Кроме того, большой интерес при исследовании процесса становления и развития поэтических образов луны и звезд, без сомнения, представляли произведения еще одного характерного для литературы периода Хэйан жанра - жанра дневниковой литературы. Речь идет, в частности, о дневнике известной поэтессы своего времени Идзуми Сикибу, которой были созданы не только многочисленные стихотворения, включенные в самые известные хэйанские антологии, но и лирический дневник «Идзуми Сикибу никки», в основе которого
лежала ее любовная переписка с принцем Ацумити [Издуми-сикибу сю, 1972; Идзуми Сикибу, 2004].

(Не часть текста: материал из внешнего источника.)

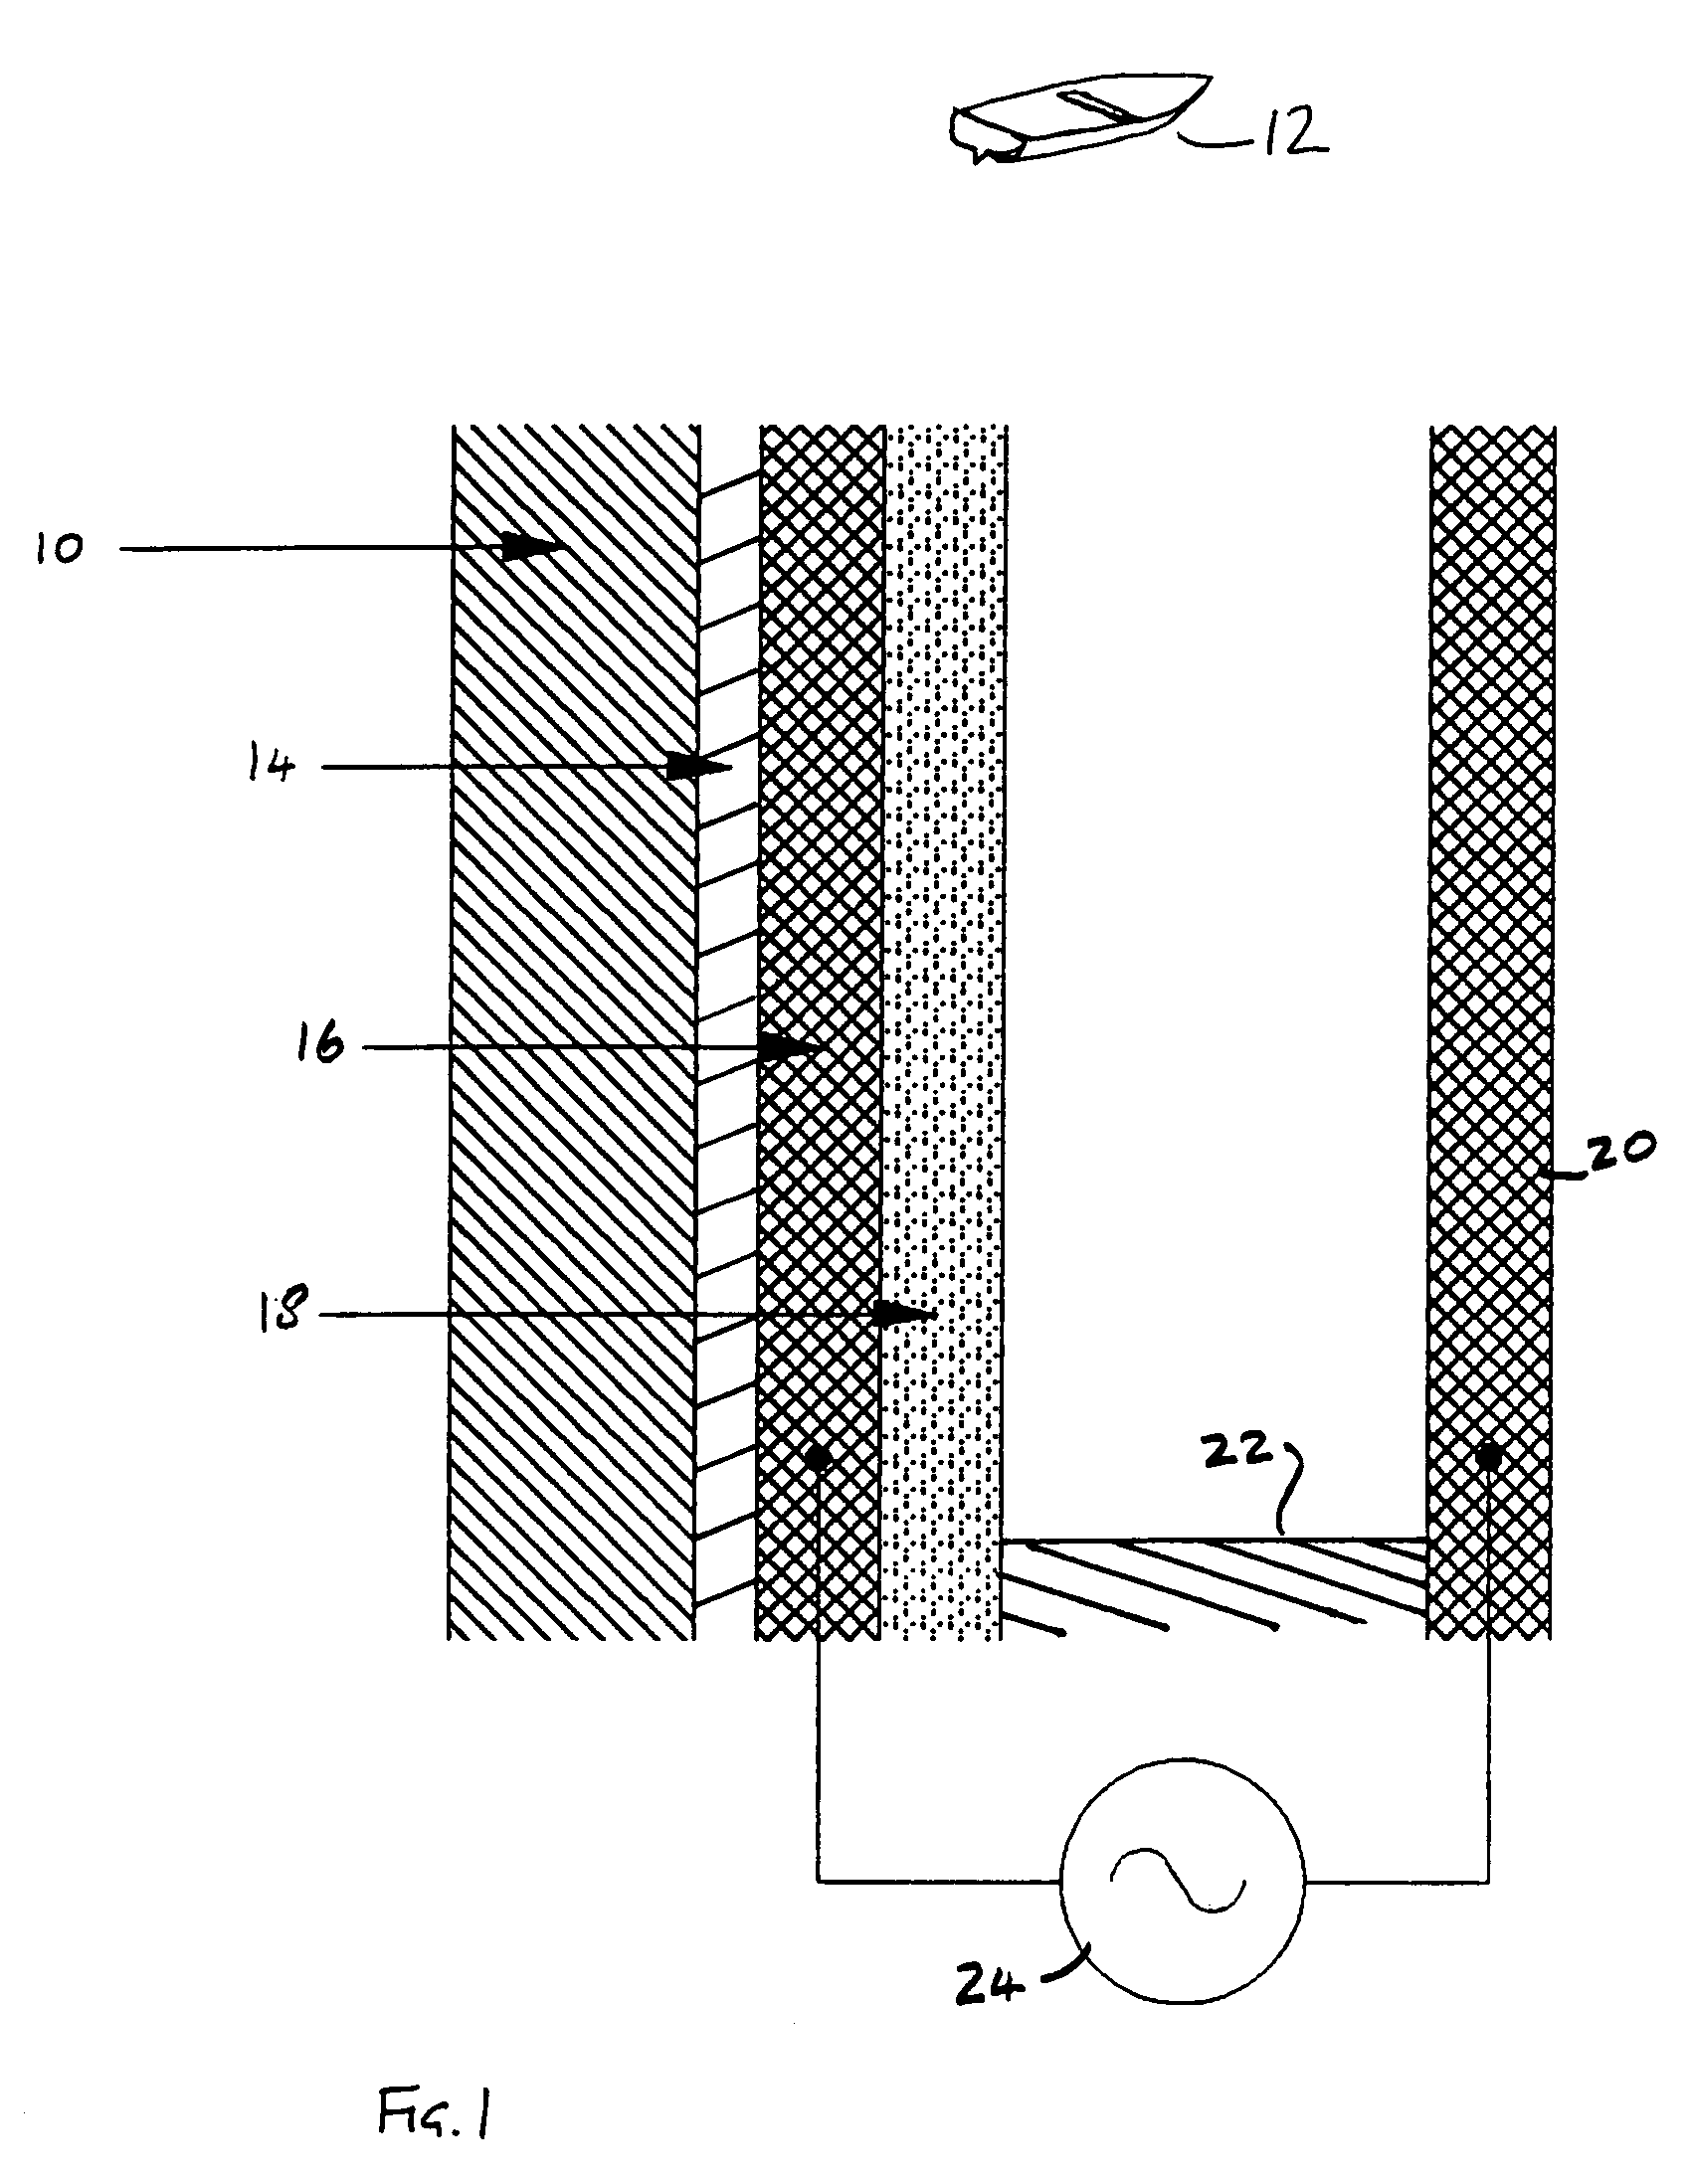 Apparatus for harming or killing fouling flora or fauna and an item carrying the same

Все перечисленные произведения в разные годы были переведены на русский язык, равно как и на другие европейские языки, снабжены более или менее подробными комментариями. При этом, в свете нашей проблематики, большое значение имела работа непосредственно с текстами оригинала, поскольку только таким образом можно было проследить трансформацию поэтических образов луны и звезд на лексическом и стилистическом уровнях.
Методологической основой диссертации стали теория
сравнительного изучения литературы, разработанная в трудах
отечественных ученых: Н.И.Конрада, И.С.Лисевича, Б.Б.Парникеля,
Н.И.Никулина, П.А.Гринцера, Б.Л.Рифтина [Конрад, 1935, 1974;
Лисевич, 1959, 1968; Парникель, 1985 (1), 1985 (2); Никулин, 1977 (1),
1977 (2), 1985; Гринцер, 1985, 1994; Рифтин, 1969, 1970, 1974]. Метод
системного анализа произведений классической литературы был
разработан и широко применяется в отечественном литературоведении.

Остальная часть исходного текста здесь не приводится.